We walk up to the center of the ceremony, stand and wait while they cut more pieces of cake, and line up in front of the boy. Of course the photographer is telling us to wait until he finds the best angle, and after a bit of maneuvering, we bend over to be fed cake with a toothpick by a 10 year old whose name I still don't know. Needless to say, the laughter returned.

After this experience, Hugh and I were ready to leave. We were told by Beda that we should take a drink with the elder members of the crowd in a separate room in the house. We entered to a cramped, dark room and finished our drink as quickly as possible in silence. On the way leaving the house, Beda said someone in the ceremony said Hugh and I were 'white Africans,' since we were not shy like Americans or other Europeans. Even after being publicly humiliated repeatedly, I left the ceremony pleased.
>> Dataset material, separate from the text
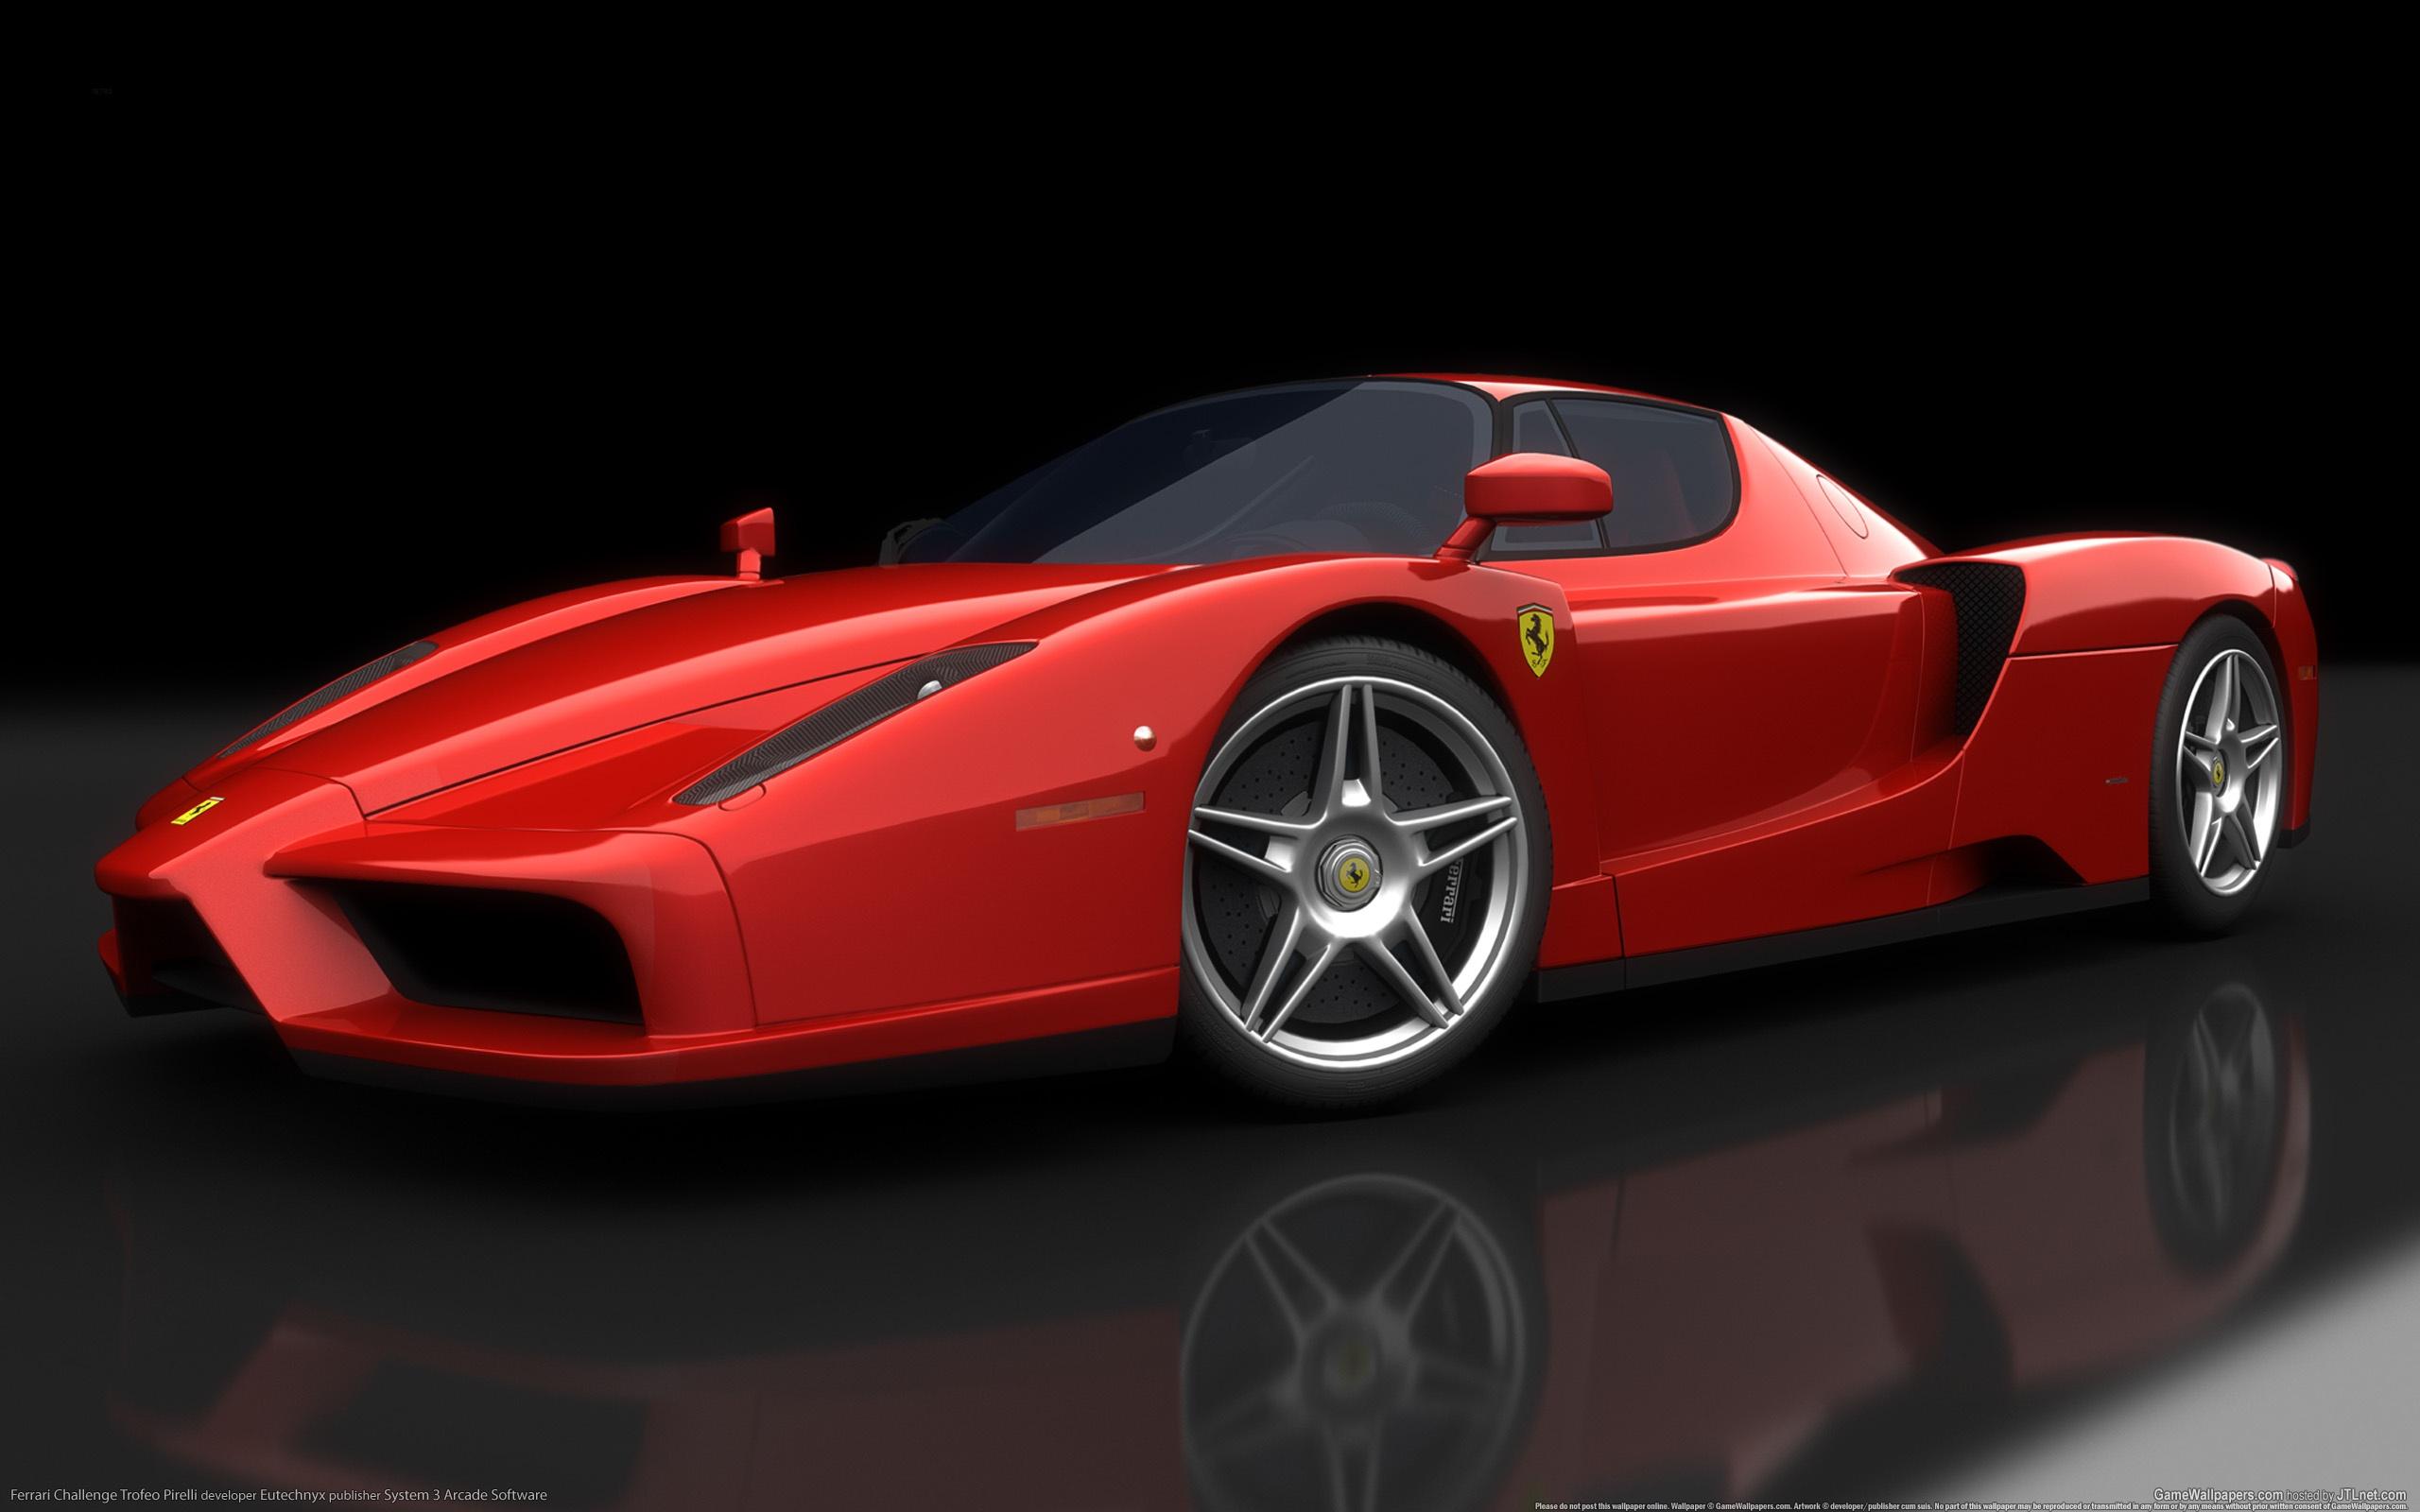 2 Ferrari Challenge Trofeo Pirelli Hd Wallpapers

The electricity still had not returned when we got back to the house. We tried working for a couple hours by candlelight, when our host dad returned and said that Gladstone (the gentleman who went to IU) wanted to see us again before we left. So, we left the house and talked with him once more. After getting back, the electricity returned and after more studying we went to bed. This morning we left the house for the final time. It was definitely sad to leave Moivaro and Kambia Chupa. Hopefully it won't be too long before I return again.

1 comment:

  1. In the three countries I have been to, Ireland, South Africa, and Costa Rica, I eventually hear (either in a pub or someone singing to me) Country Roads. Safe Travels!